We found support for our hypothesis that weather variability would affect spillover risk for migrant, but not resident elk. We estimated that the distribution of spillover risk for migrants was somewhat sensitive to changes in snow cover, with 7%–12% more risk occurring on private ranchlands during heavy snowfall years than during low or average snowfall years. Conversely, we estimated that the distribution of spillover risk on private ranchlands for residents changed <1% during low, average and heavy snowfall years. We also found support for our hypothesis that elk migration lowered per‐capita spillover risk. Although migrants were responsible for 68% of spillover risk because of their greater numbers, for five of seven herds with both migrants and residents, per‐capita spillover risk on private ranchlands was greater for residents than for migrants (Figure 5b). Averaged across weather scenarios and herds, we estimated that per‐capita spillover risk on private ranchlands was 23% greater for residents than for migrants.

4. DISCUSSION

We combined ecological, epidemiological and behavioural data from >200 elk in eight GYE herds with livestock distribution data to examine the influence of partial migration on abortion and spillover risk. By incorporating these datasets, we revealed that most spillover risk from elk to livestock was on private ranchlands in early spring. Furthermore, we found that migrant elk generated the majority of spillover risk because they were more abundant than resident elk. On a per‐capita basis, however, we estimated that migrant elk were 23% less risky to livestock than resident elk because they migrated off of private ranchlands during the risk period.
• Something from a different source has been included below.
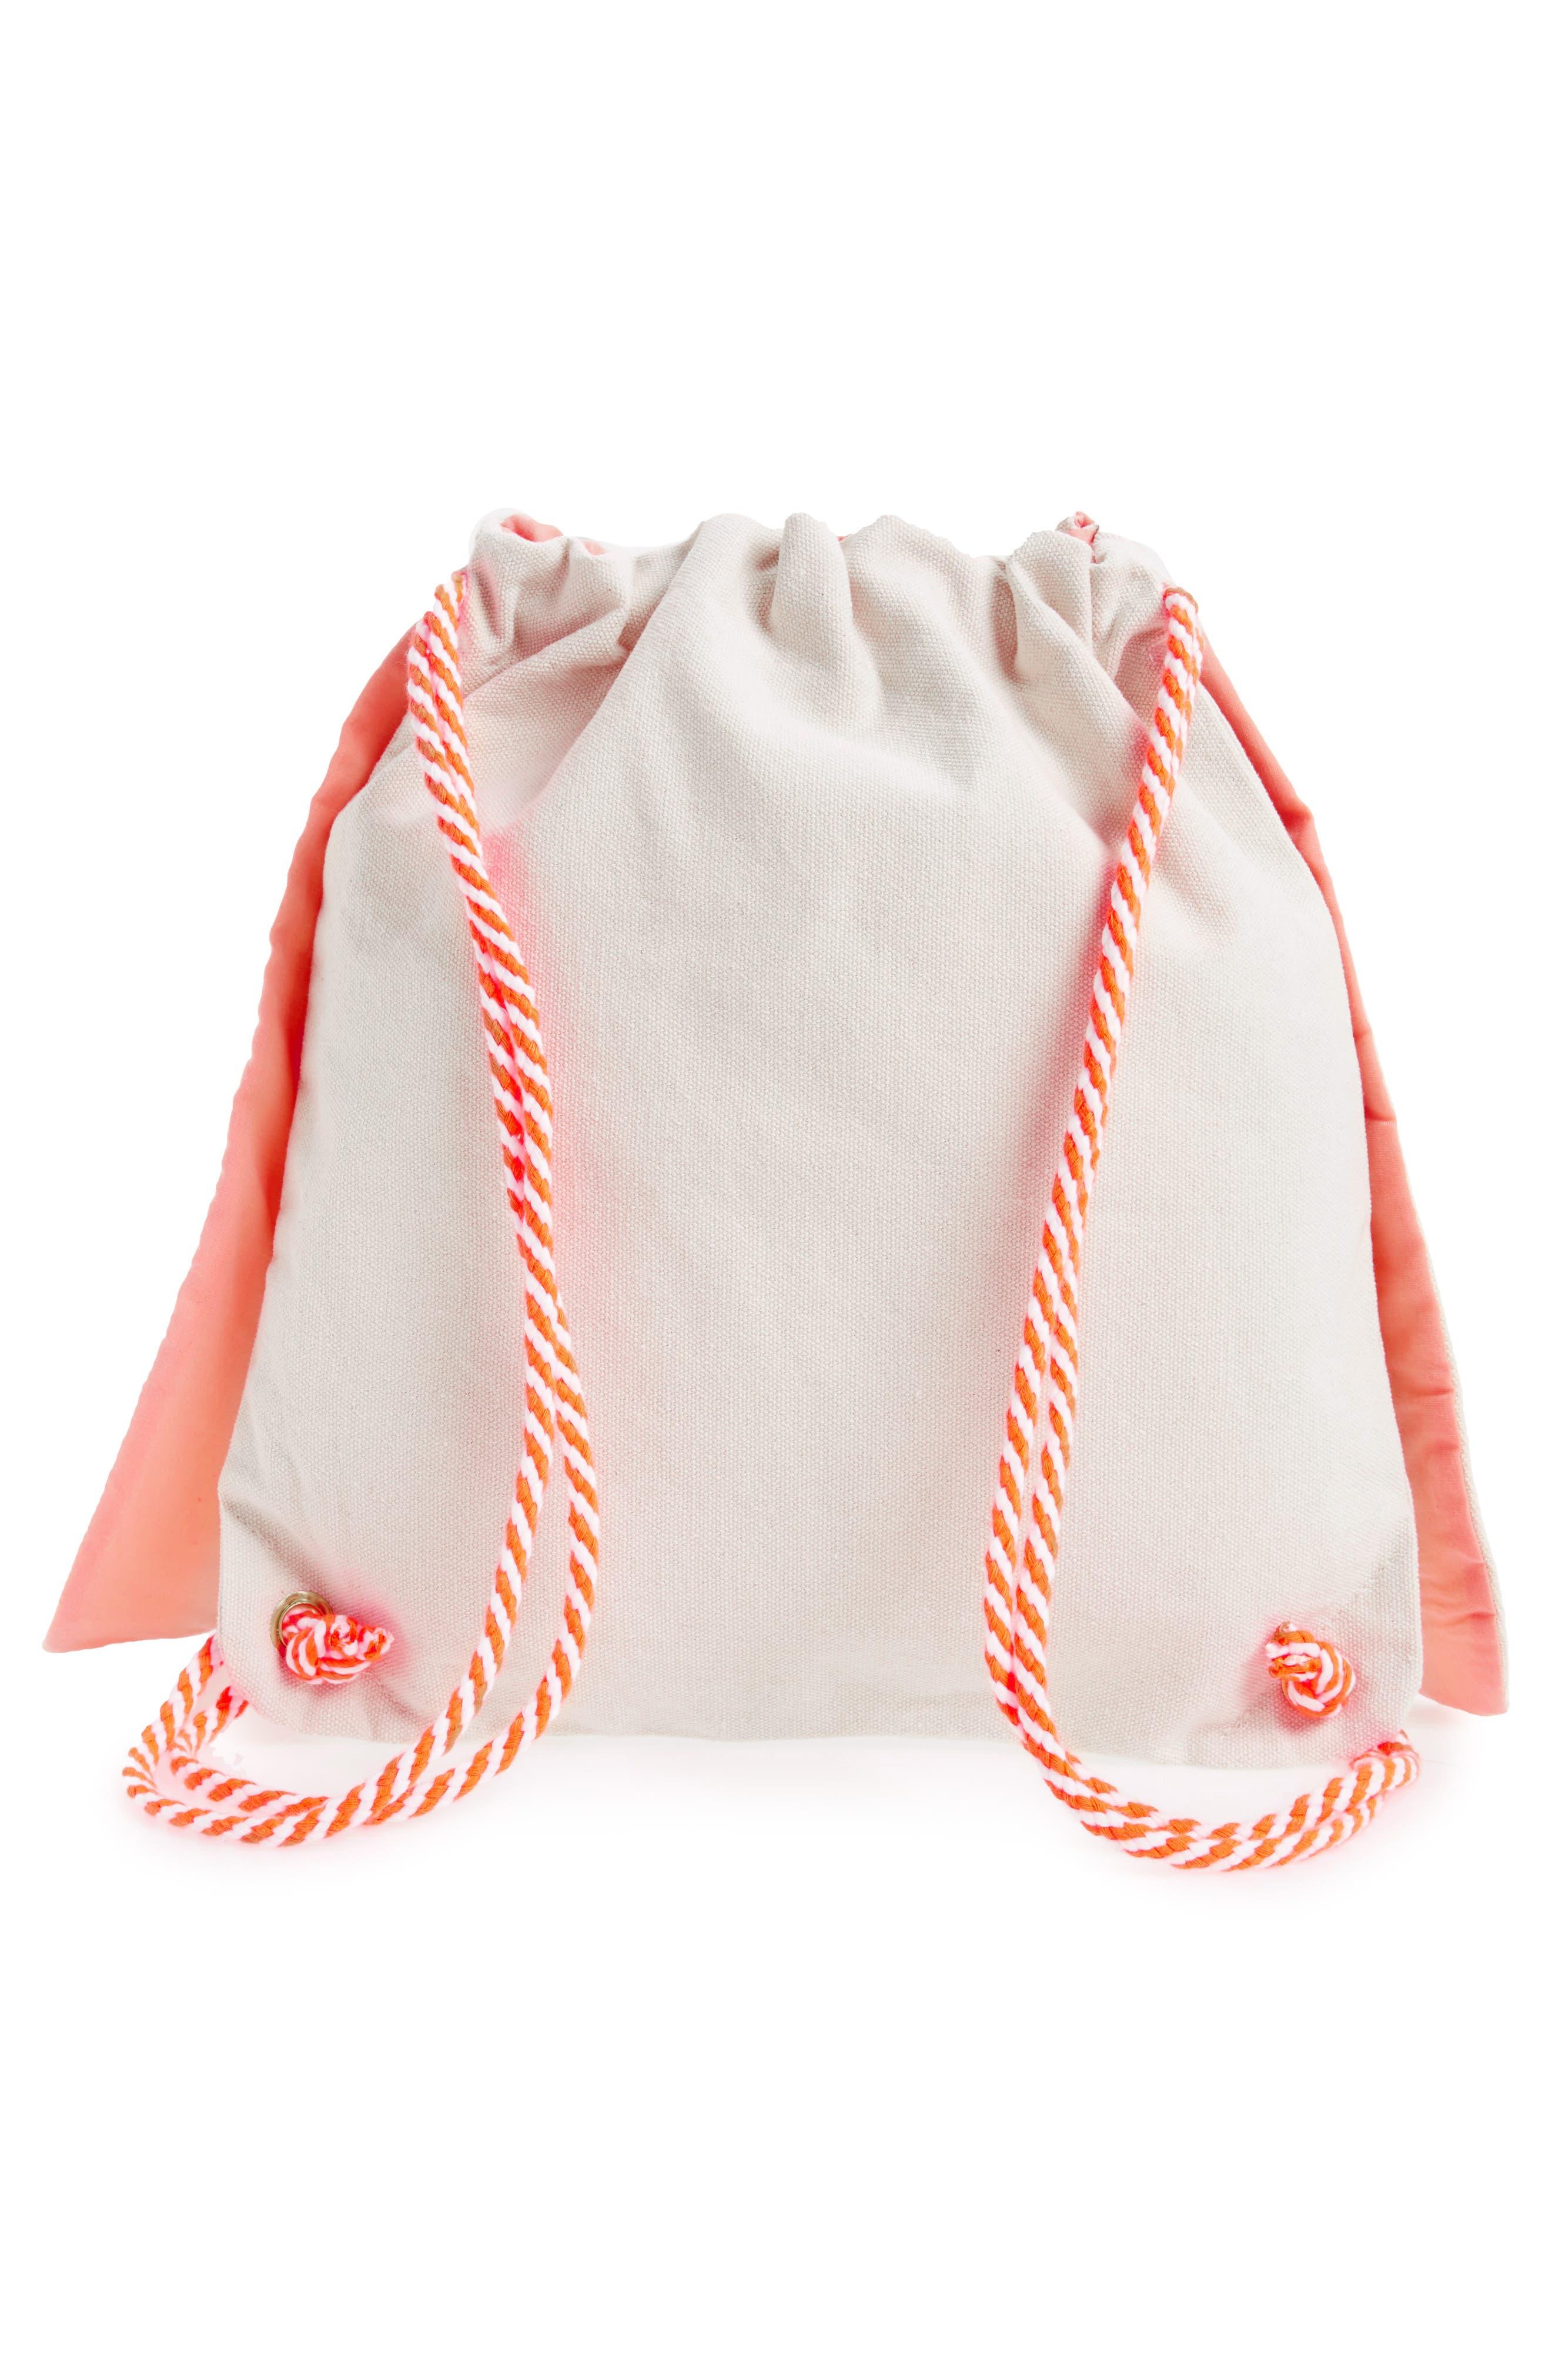 Alternate Image 3  - Meri Meri Bunny Backpack (Kids)

Our synthetic approach is uncommon in disease ecology because of the challenges associated with merging data streams collected at varying spatial and temporal resolutions and scales (Dougherty et al., 2018; Plowright et al., 2017; Rayl et al., 2019). Other studies have integrated host movement or density data to estimate pathogen transmission risk or exposure rates within a host species (e.g. Borg et al., 2017; Proffitt et al., 2015; Russell et al., 2015). Indeed, there have been a number of previous studies that have examined the potential for brucellosis spillover risk from wildlife to livestock, but none to date that have examined the role of host migration in spillover risk (Kilpatrick et al., 2009; Merkle et al., 2018; Proffitt et al., 2011; Rayl et al., 2019). Our analysis accounted for many of the major components of elk‐to‐livestock brucellosis spillover risk, including host movement, distribution, density, prevalence and transmission timing, and suggested important links between migratory behaviour and the risk of disease spillover. The approach we developed is applicable to other disease systems such as avian influenza and bighorn Ovis canadensis and domestic sheep (O. aries) pneumonia, although the challenge is to have all the necessary datasets align in space, time and resolution (Cross et al., 2019; Rayl et al., 2019).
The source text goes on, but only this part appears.